Exploring Spotify API in R
Statistical hypothesis testing on audio features
One of the important aspect of a data scientist repertoire is their domain knowledge. And if you plan to work in the world of advertising, you have to know how to work with various web services and their APIs. In this blog, I will use spotifyr
package to pull track audio features and other information from Spotify’s Web API in bulk. Spotify is a great site to get data from because they have really unique indices to quantify music.
Spotify has several variables to quantify music. I will use two features - danceability and valence from the most popular music group of all time - The Beatles. Danceability describes how suitable a track is for dancing based on a combination of musical elements including tempo, rhythm stability, beat strength, and overall regularity. Tracks with high valence sound more positive (e.g. happy, cheerful, euphoric), while tracks with low valence sound more negative (e.g. sad, depressed, angry). I want to test the hypotheses that the correlations between the pairwise set of variables is 0 and provide an 90% confidence interval.
# spotify developer credentials
Sys.setenv(SPOTIFY_CLIENT_ID = "f4b7863fa1504190b0d49939fc31a05f")
Sys.setenv(SPOTIFY_CLIENT_SECRET = "db2c21e185404604a02a5b8d683a6c03")
access_token <- get_spotify_access_token()
# pull audio features on the beatles
beatles <- get_artist_audio_features('the beatles')
# selected variables of choice
danceability <- as.data.frame(beatles$danceability)
valence <- as.data.frame(beatles$valence)
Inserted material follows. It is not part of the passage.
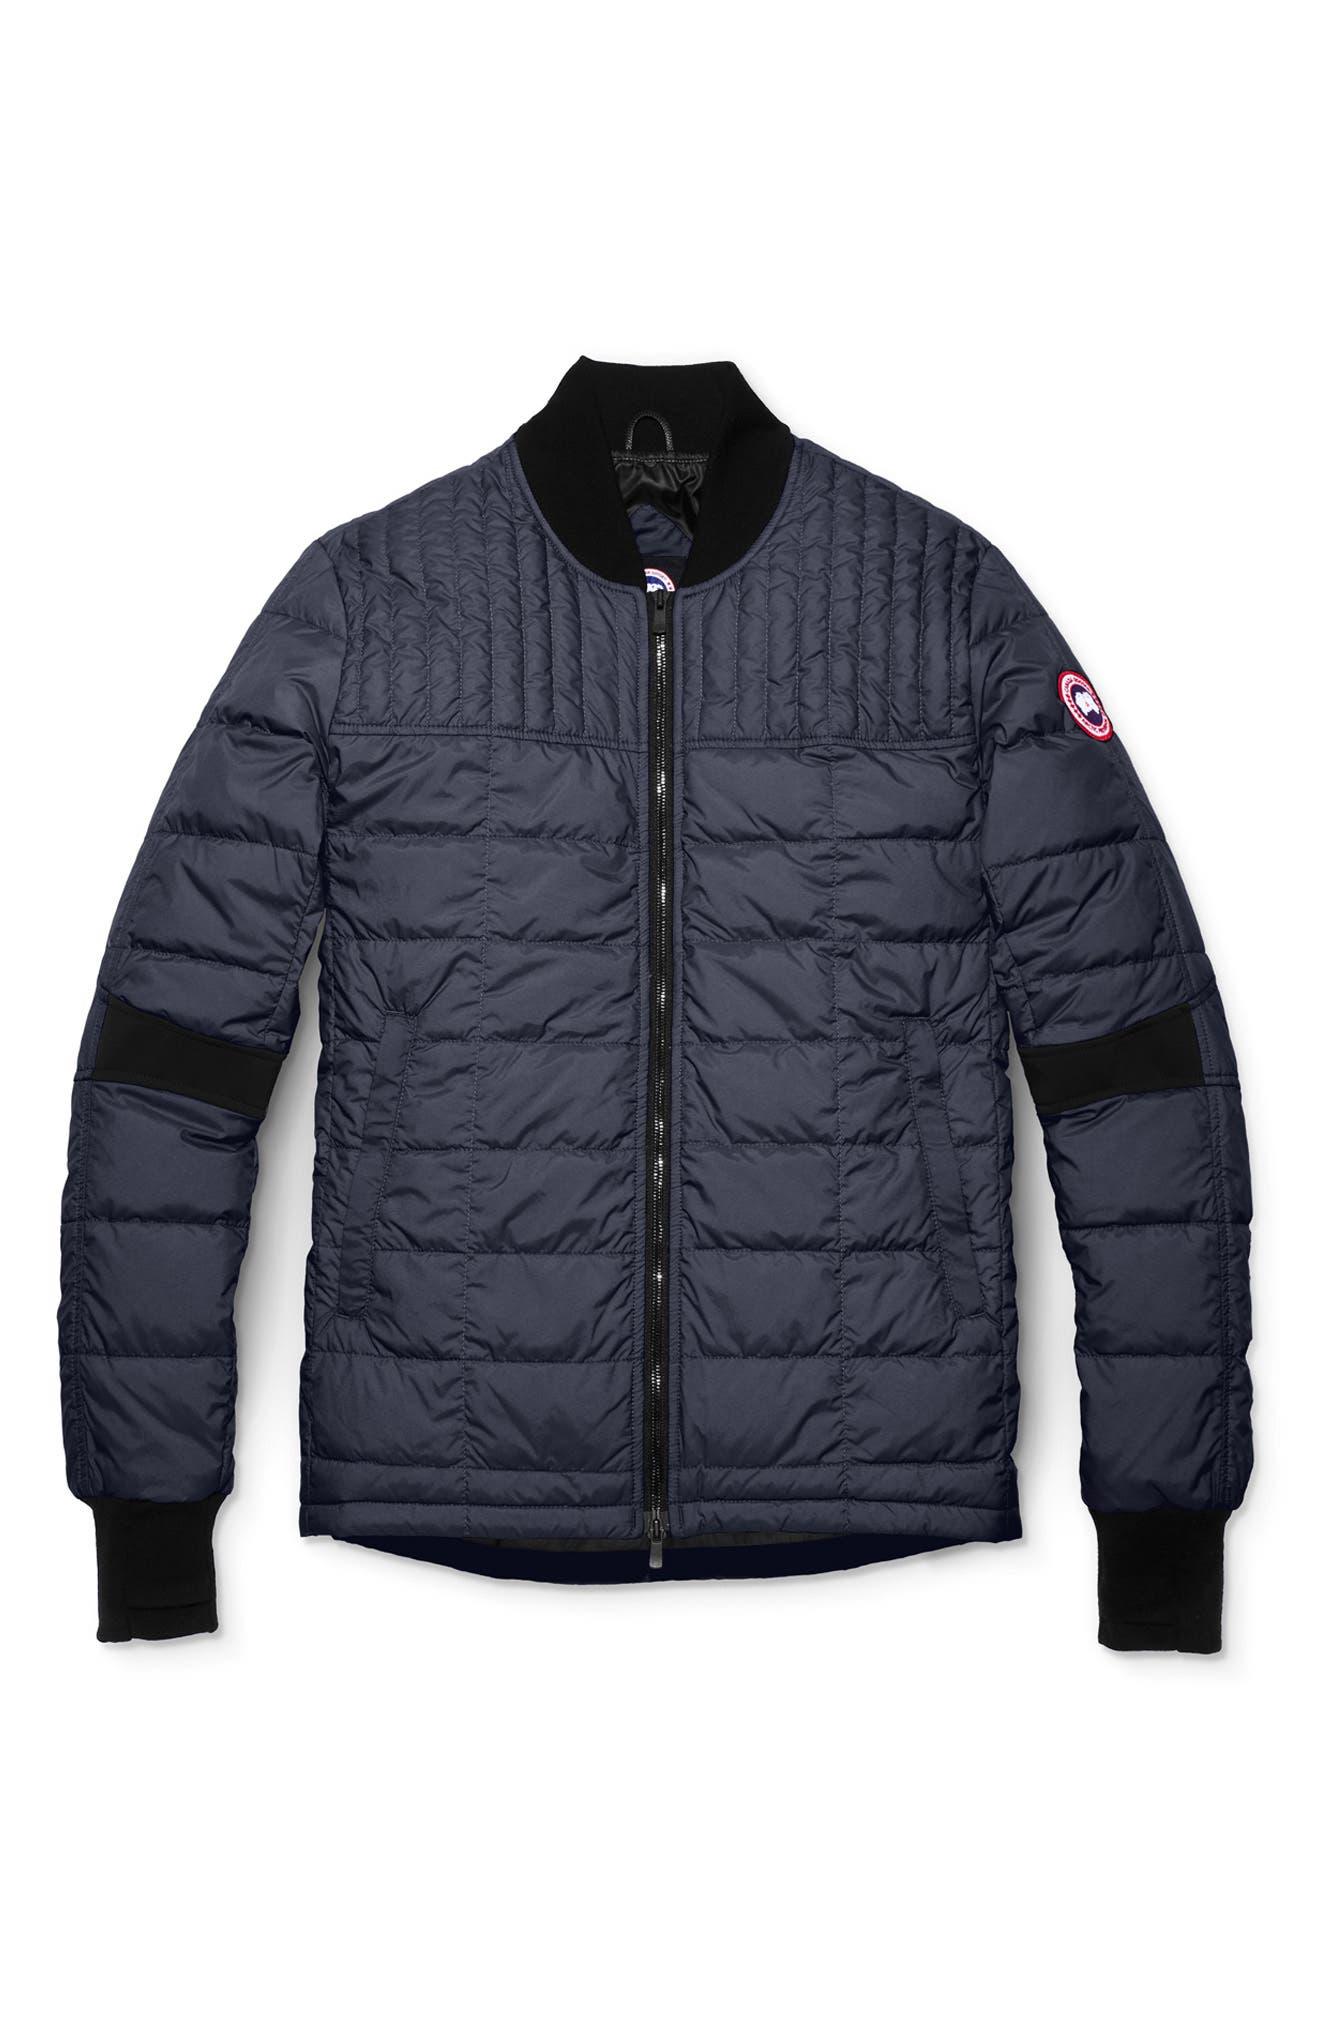 CANADA GOOSE, Dunham Slim Fit Packable Down Jacket, Main thumbnail 1, color, NAVY
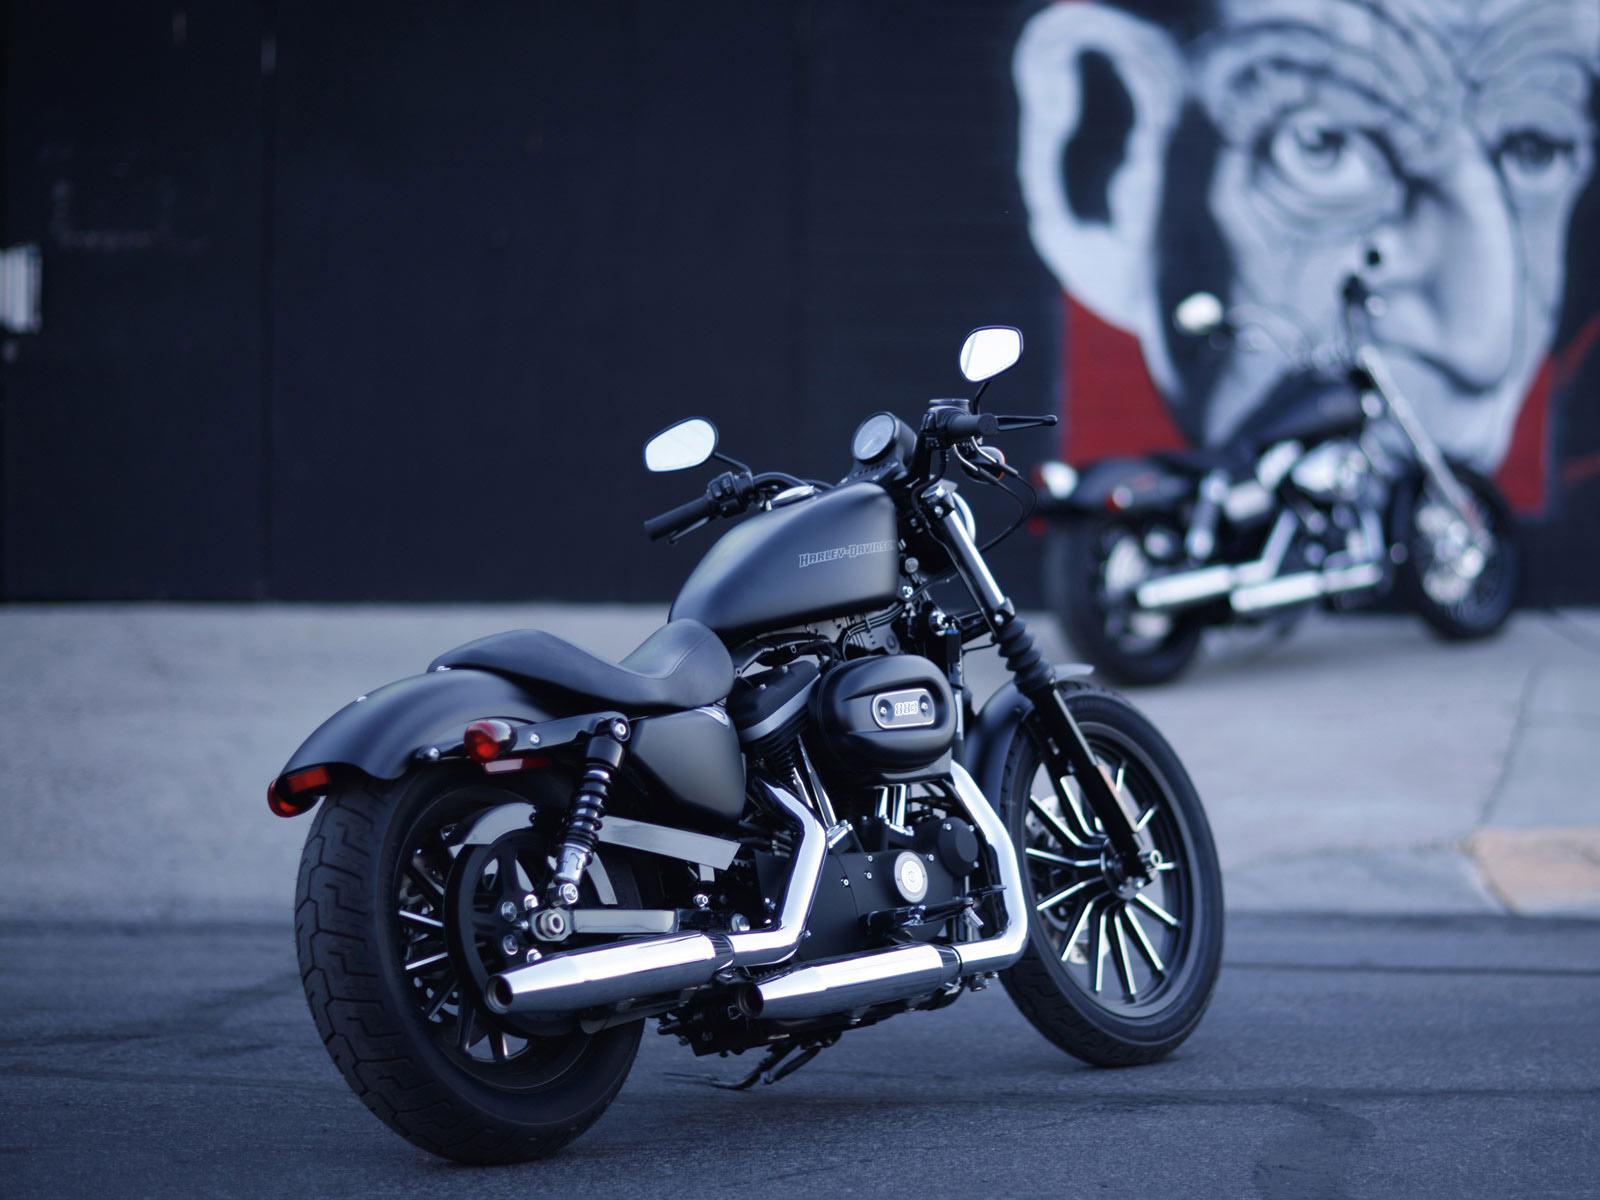 Mobile Hd Wallpapers Quotes Harley Davidson Hd Wallpaper Free Download Pixelstalk Net

data <- cbind(danceability, valence)
Preliminary test to check the test assumptions - Is the covariation linear? Yes, form the plot below, the relationship is linear. The p-value of the pair is 1.912e-06
, which is more than the significance level alpha = 0.05. We can conclude that danceability and valence are not significantly correlated with a correlation coefficient of 0.3912615
.
fit <- lm(danceability ~ valence, data = beatles)
par(mar=c(1,1,1,1))
plot(data, main = "danceability vs valence")
abline(fit)
summary(fit)
##
## Call:
## lm(formula = danceability ~ valence, data = beatles)
##
## Residuals:
## Min 1Q Median 3Q Max
## -0.36885 -0.09990 0.00224 0.10957 0.30770
##
## Coefficients:
## Estimate Std. Error t value Pr(>|t|)
## (Intercept) 0.35917 0.03436 10.453 < 2e-16 ***
## valence 0.27467 0.05519 4.976 1.91e-06 ***
## ---
## Signif. codes: 0 '***' 0.001 '**' 0.01 '*' 0.05 '.' 0.1 ' ' 1
##
## Residual standard error: 0.1449 on 137 degrees of freedom
## Multiple R-squared: 0.1531, Adjusted R-squared: 0.1469
## F-statistic: 24.76 on 1 and 137 DF, p-value: 1.912e-06